Example of a simple EL pipeline with a processor component, translating from Wikidata to DBpedia entities:
Example of an advanced EL pipeline with a splitter and a combiner, merging the results of the mention detection of three different EL systems:
For the formal definition of a pipeline we use JSON. A pipeline configuration consists of an ID, the pipeline type, a list of components for each component type, and a list of connections between the components. Each component list consists of key-value-pairs, where the key is the ID of the component, and the value defines either the EL system used for this component, or in case of the processors, it defines their type. Slightly differently, for the connection list the key represents the source and the value the target component of the connection.
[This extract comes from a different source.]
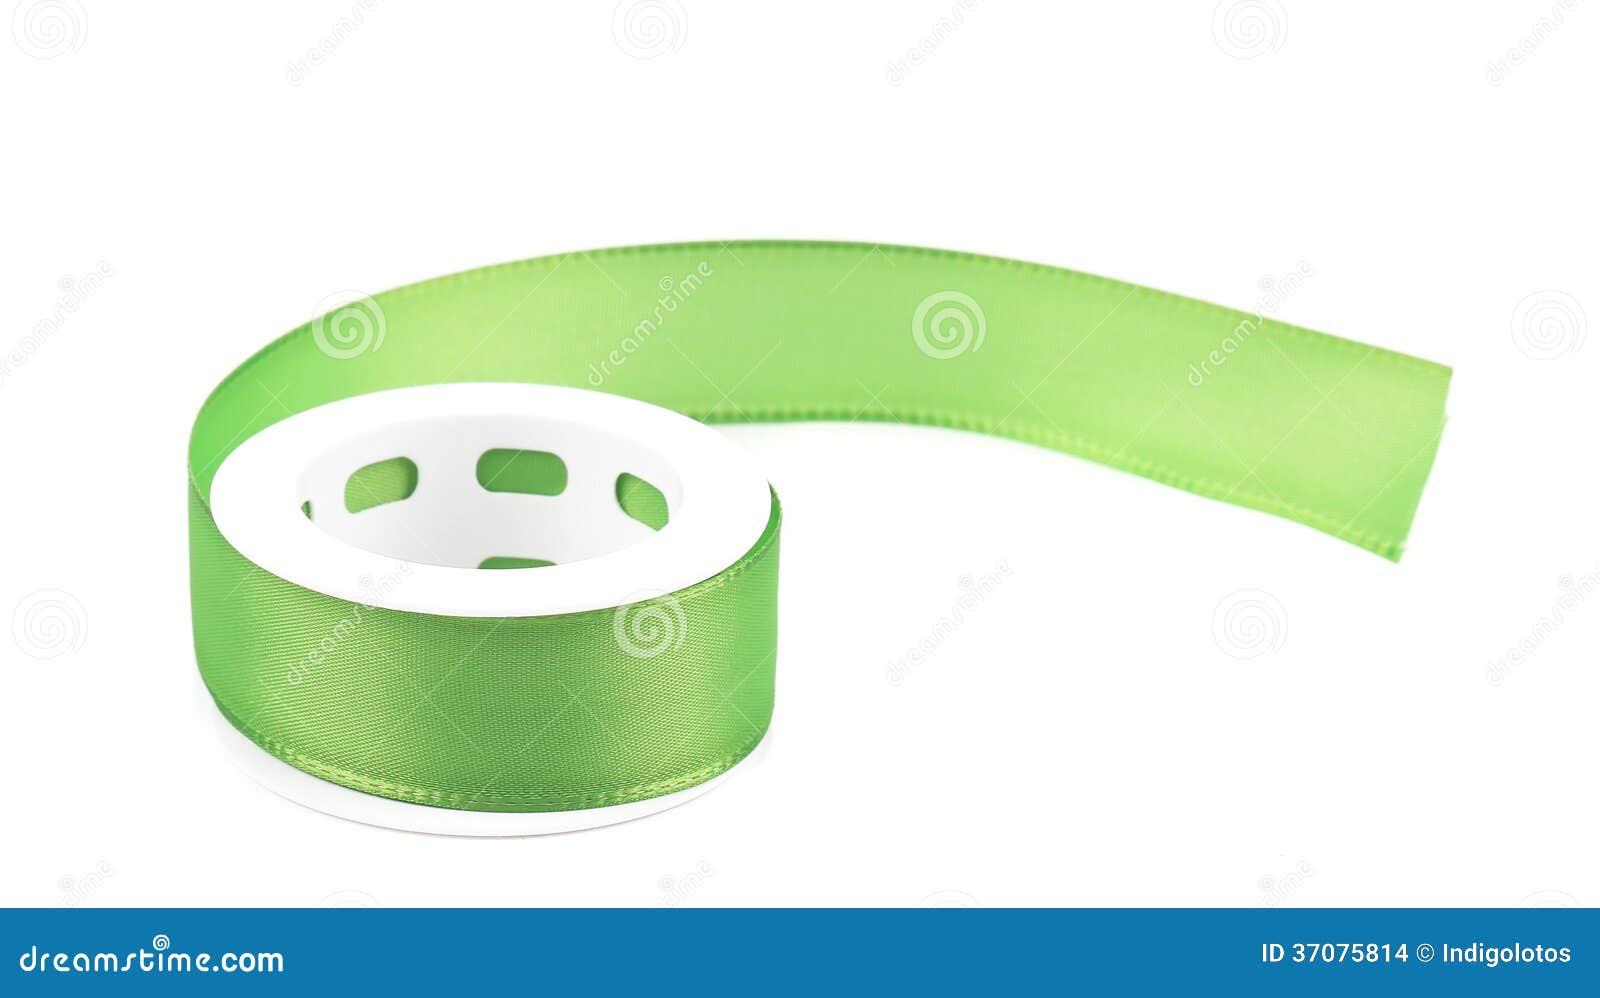 Download Zielony Jedwabniczy Dekoracyjny Faborek. Zdjęcie Stock - Obraz złożonej z obdarzony, wzór: 37075814

An example of a JSON configuration for a simple pipeline (that corresponds to the simple pipeline in the former of the figures above) looks like this:
pipelineConfig = {
"id": 123,
"pipelineType": "complex",
"md": [
{"MD1": "Babelfy"} ],
"cg": [
{"CG1": "DBpediaSp"} ],
"ed": [
{"ED1": "AIDA"} ],
"combiners": [],
"splitters": [],
"translators": [
{"TR1": "WD2DBP"} ],
"filters": [],
"connections": [
{"MD1": "CG1"},
{"CG1": "ED1"},
{"ED1": "TR1"} ]
}
Pipeline Results:
JSONObject{
"experimentId": int,
"experimentTasks":
JSONArray[
EXPERIMENTS
]
}
EXPERIMENTS:
JSONObject{
"currentComponent": String,
"documents":
JSONArray[
DOCUMENTS
],
"pipelineConfig":
PIPELINE,
"errorMessage": String,
"experimentId": int,
"state": String (e.g. "DONE"),
"pipelineType": String (e.g. "FULL"),
"taskId": int
}
DOCUMENTS:
JSONArray[ -- need double JSONArray in order to store sub-pipeline results for each document
JSONObject{
"componentId": String,
"mentions":
JSONArray[
MENTIONS
],
"text": String (e.g. "Napoleon was the emperor of the First French Empire."),
"pipelineType": String (e.g. "ED"),
"uri": String
}
]
MENTIONS:
JSONObject{
"offset": int,
"assignment":
JSONObject{
"score": double,
"assignment": String (e.g. "http://dbpedia.org/resource/Empire")
},
"possibleAssignments":
JSONArray[
JSONObject{
"score": double,
"assignment": String
}
]
},
"originalWithoutStopwords": String (e.g. "Empire"),
"detectionConfidence": double (e.g. 0.0),
"originalMention": String (e.g. "Empire"),
"mention": String (e.g. "Empire")
}
PIPELINE:
JSONObject{
"startComponents":
JSONArray[
String (e.g. "MD1")
],
"components":
JSONObject{
"md" (Only if present. May be: md, cg, ed, md_cg_ed, md_cg, cg_ed, ...):
JSONArray[
JSONObject{
"id": String (e.g. "MD1"; ID matches w/ IDs in connections),
"value": String (e.g. "Babelfy")
}
],
"cg_ed" (IF PRESENT):
JSONArray[
JSONObject{
"id": String (e.g. "CG_ED1"),
"value": String (e.g. "Babelfy")
}
]
},
"exampleId": String (e.g. "md_combined_cged"),
"endComponents":
JSONArray[
String (e.g. "CG_ED1", "MD1")
],
"displayName": String (e.g. "MD + combined CG-ED"),
"id": int (e.g. 1),
"connections":
JSONArray[
JSONObject{
"source": String (e.g. "MD1"),
"target": String (e.g. "CG_ED1")
}
],
"pipelineConfigType": String (e.g. "complex")
}